La demande de rétractation doit être faite par écrit dans les dix jours de la connaissance de la décision ou, selon le cas, du moment où cesse l'empêchement.
La demande de rétractation suspend l'exécution de la décision et interrompt le délai d'appel ou de révision jusqu'à ce que les parties aient été avisées de la décision.»
[8] Dans l'arrêt Les entreprises Roger Pilon Inc. c. Atlantis Real Estate[2], la Cour d'appel s'exprime ainsi :
« Le principe d'irrévocabilité des jugements est nécessaire à une saine administration de la justice, d'où le sérieux que doivent avoir les motifs de rétractation. La procédure doit contribuer à la protection des droits des deux parties et la remise en question des décisions doit demeurer l'exception et ne pas devenir la règle.»

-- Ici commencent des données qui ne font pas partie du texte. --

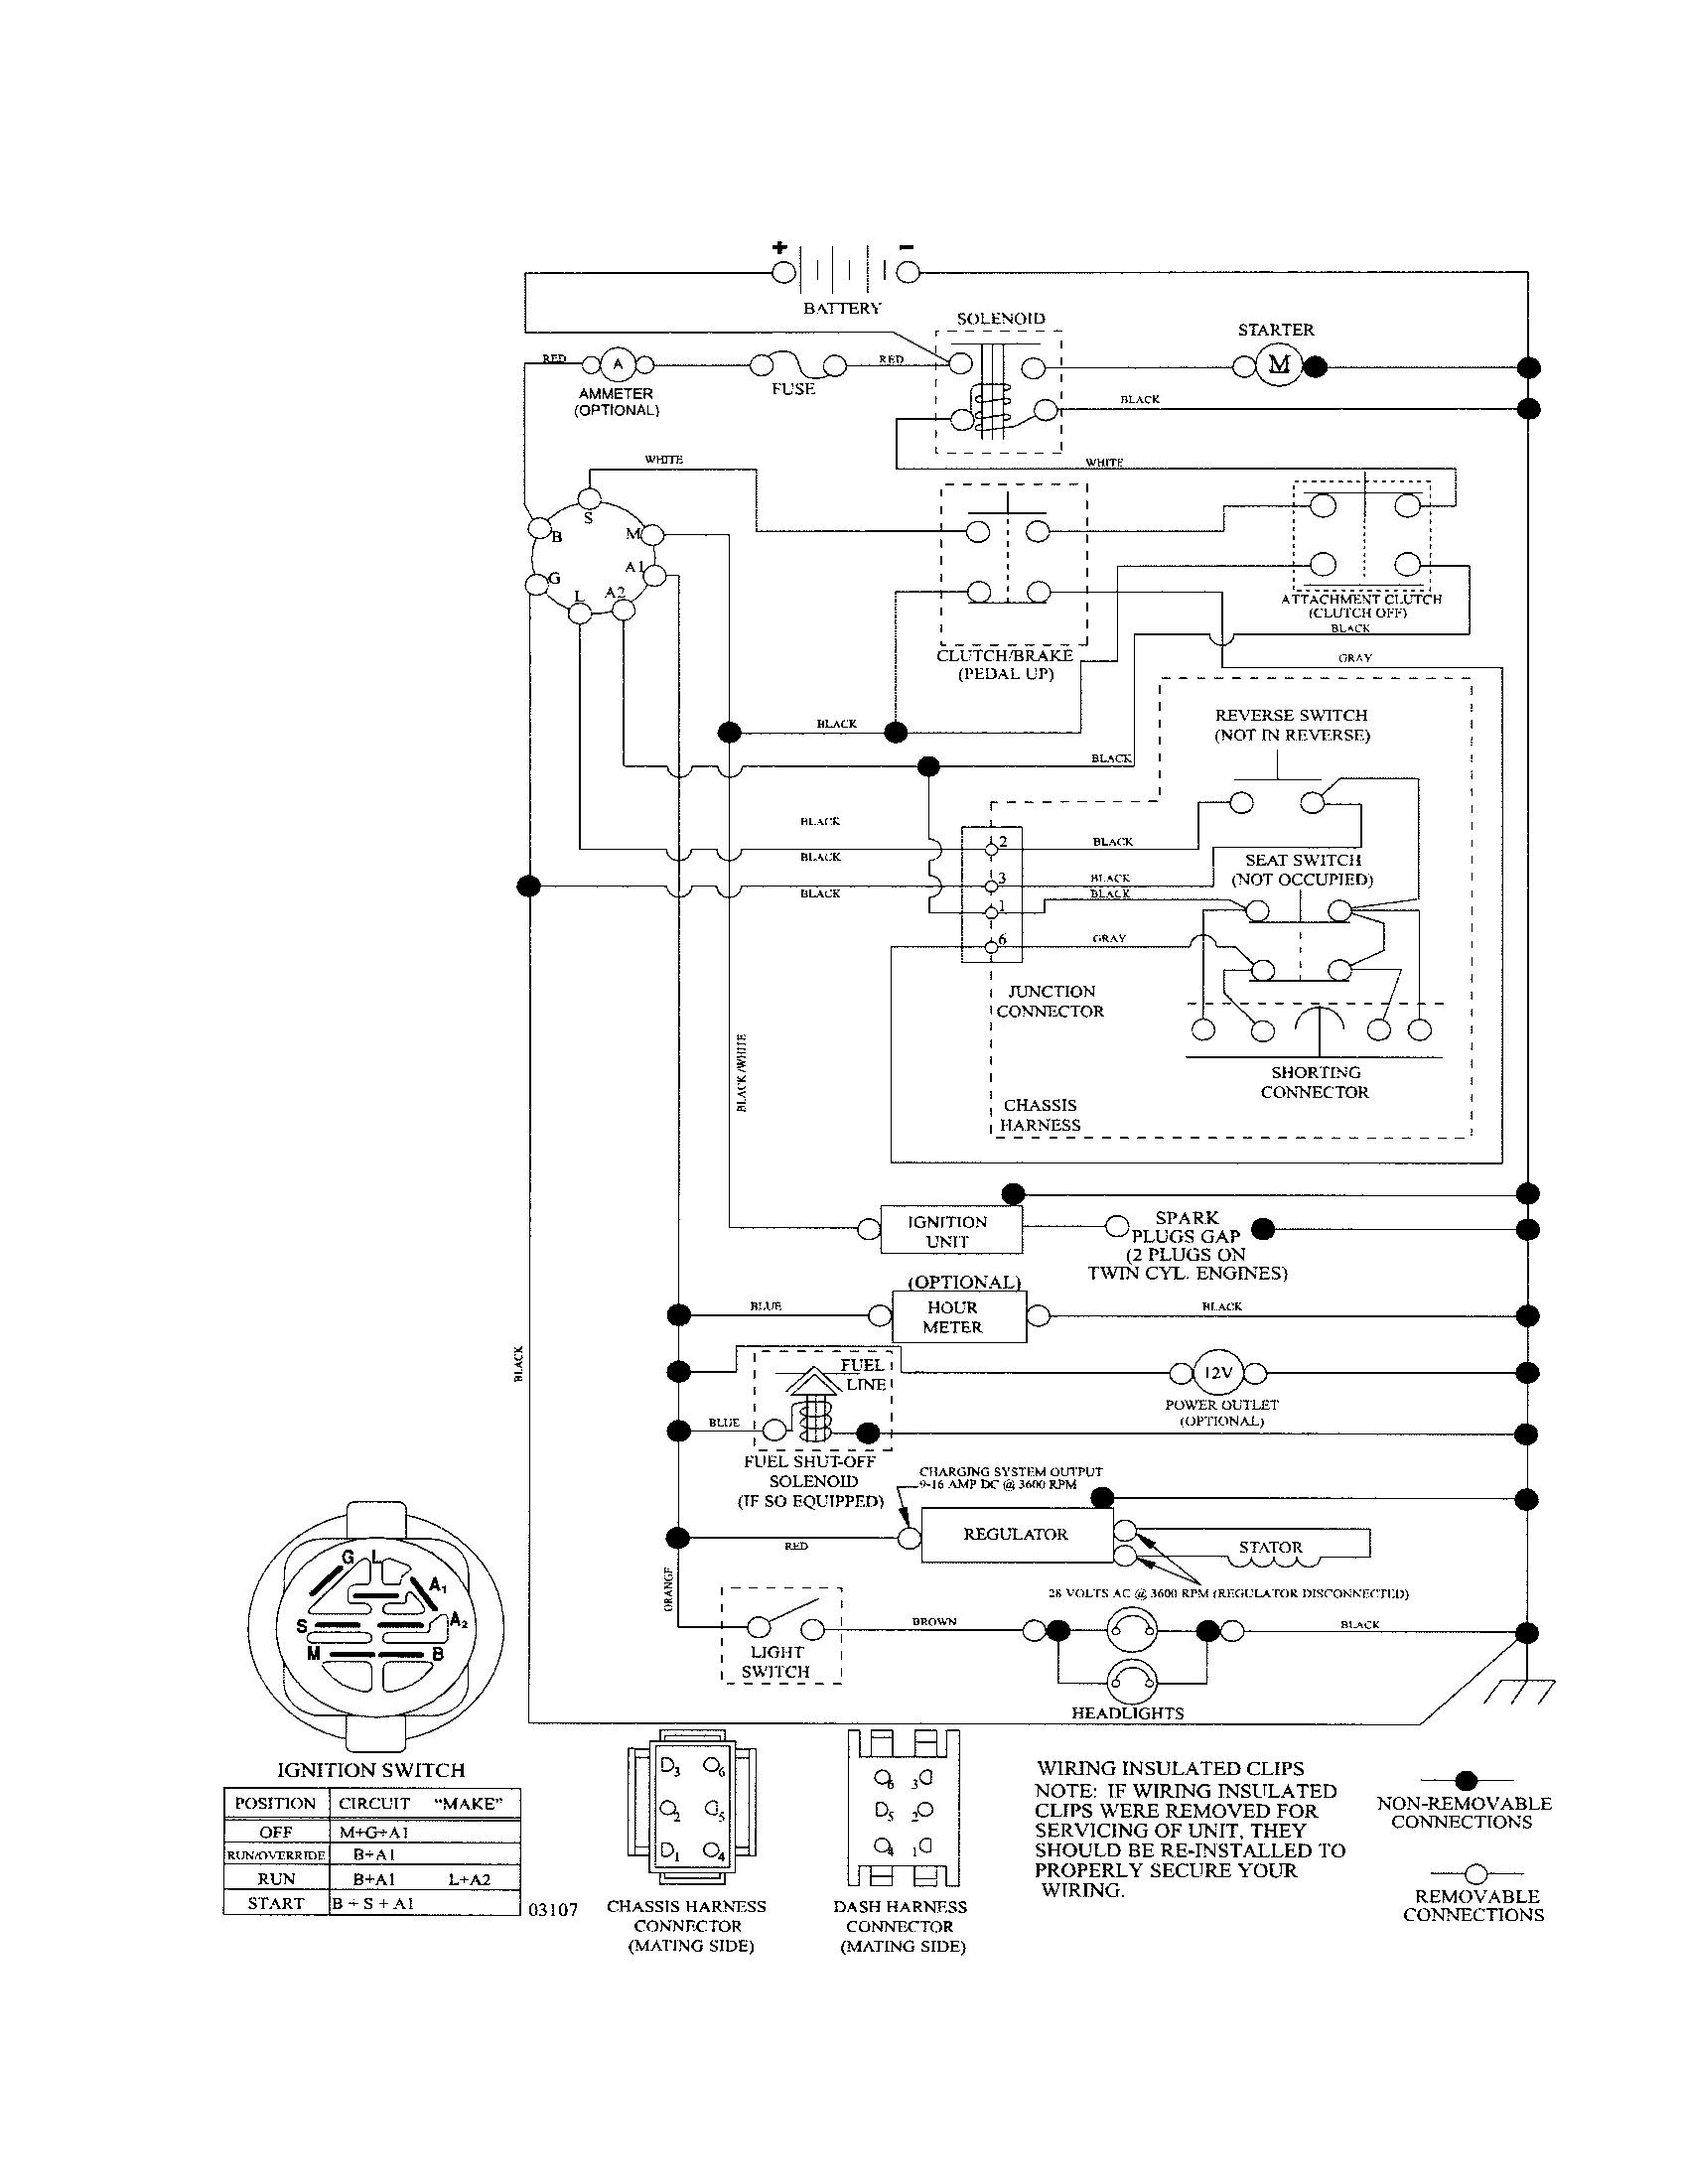 hight resolution of husqvarna wiring schematic wiring diagram review husqvarna wiring schematic wiring diagrams husqvarna riding mower wiring schematic
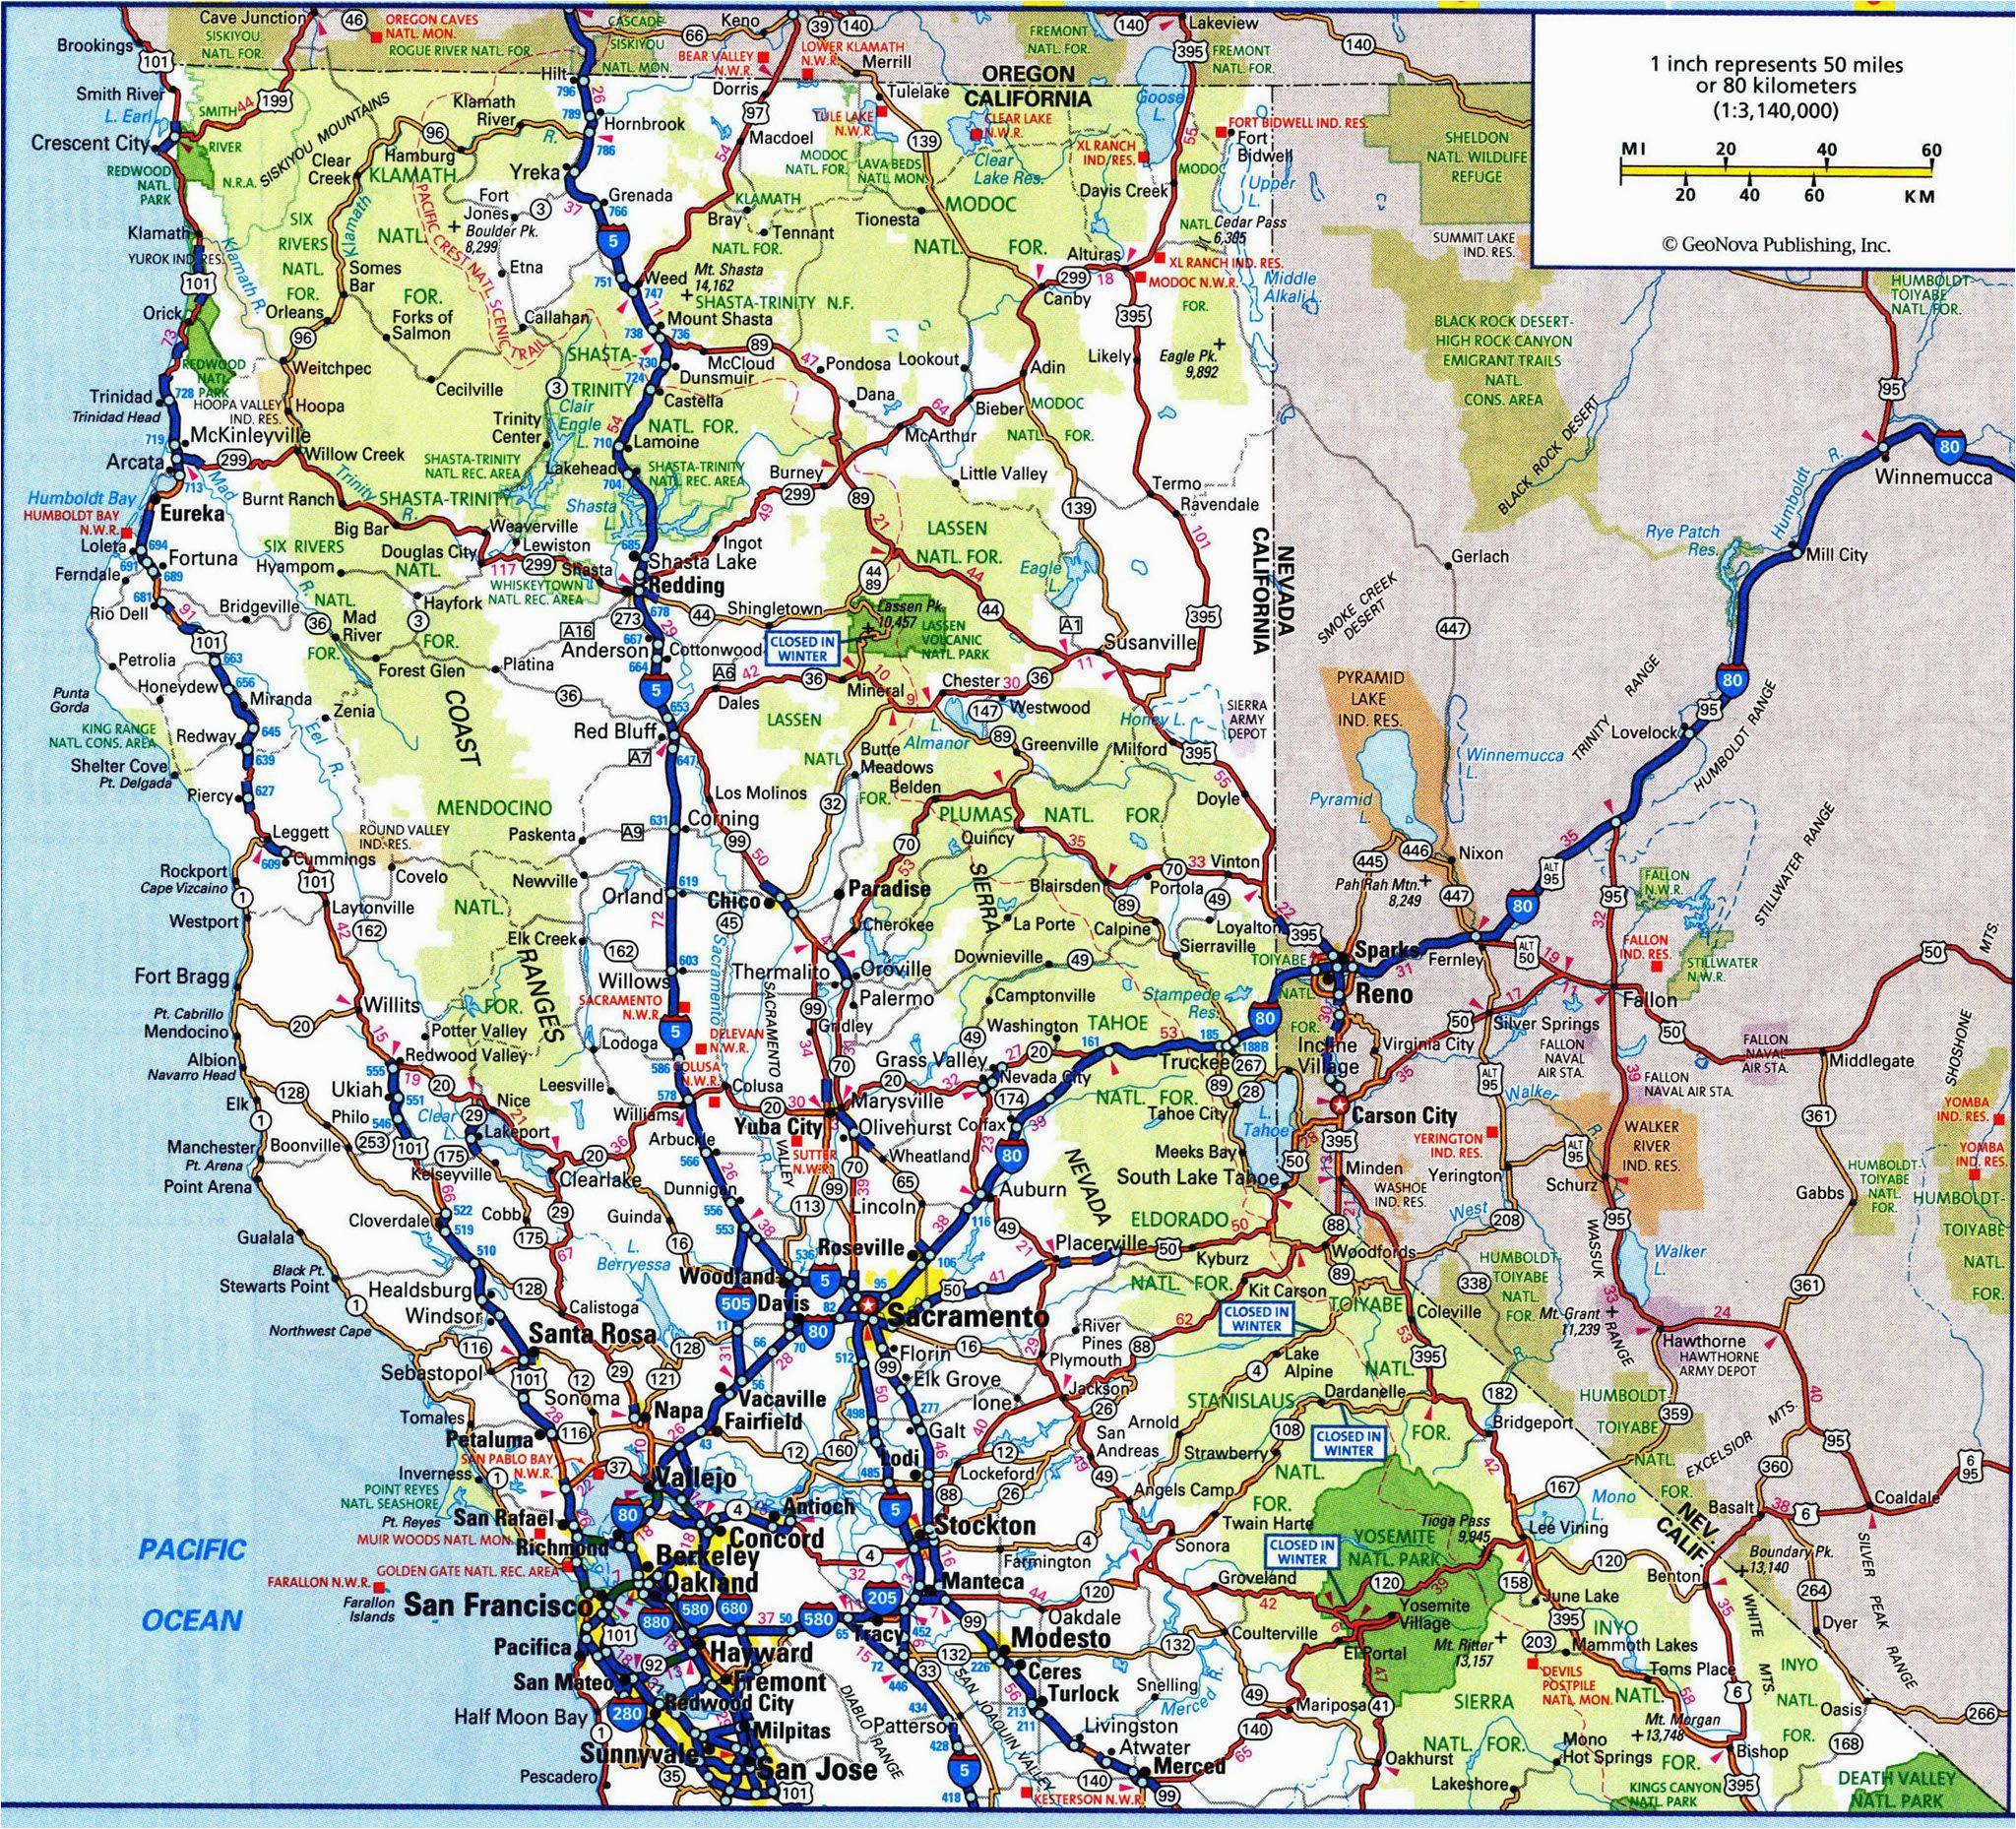 Oregon Road Map Pdf Road Map Of California and oregon New Us atlas

[9] Dans la présente affaire, le locataire affirme qu’il a été mis au courant de la décision attaquée le 26 janvier 2015, par une saisie-arrêt de son salaire. Selon lui, la demande de rétractation aurait été déposée à l’intérieur du délai de 10 jours prescrit par l’article 89 L.R.L.
[10] Or, le locataire reconnaît avoir reçu, en décembre 2014, une lettre qui provenait d’une agence de recouvrement. On évoquait dans ce document l’existence d’une dette de 17 490,34 $ et on ajoutait : « Our claims department now advises that proceedings are ready in accordance with issuing a statement of claim in regards to above claim ».
[11] Dans son énoncé joint à la demande de rétractation, voici comment le locataire explique sa réaction à cette lettre :
« 9. As appears in Exhibit R-2, the letter refers to « Raymond Desmarais » as creditor. This name was unfamiliar to the Tenant, which led him to believe that this letter was either an error or some sort of fraud;
10. Certain documents were attached to the letter but, because they were in French, the Tenant could not read them. Based on the content of the letter, which referred to some sort of related claim, he assumed that these were the draft documents relating to that claim;
11. The Tenant thus set the letter aside with a view to contesting any individual proceedings. »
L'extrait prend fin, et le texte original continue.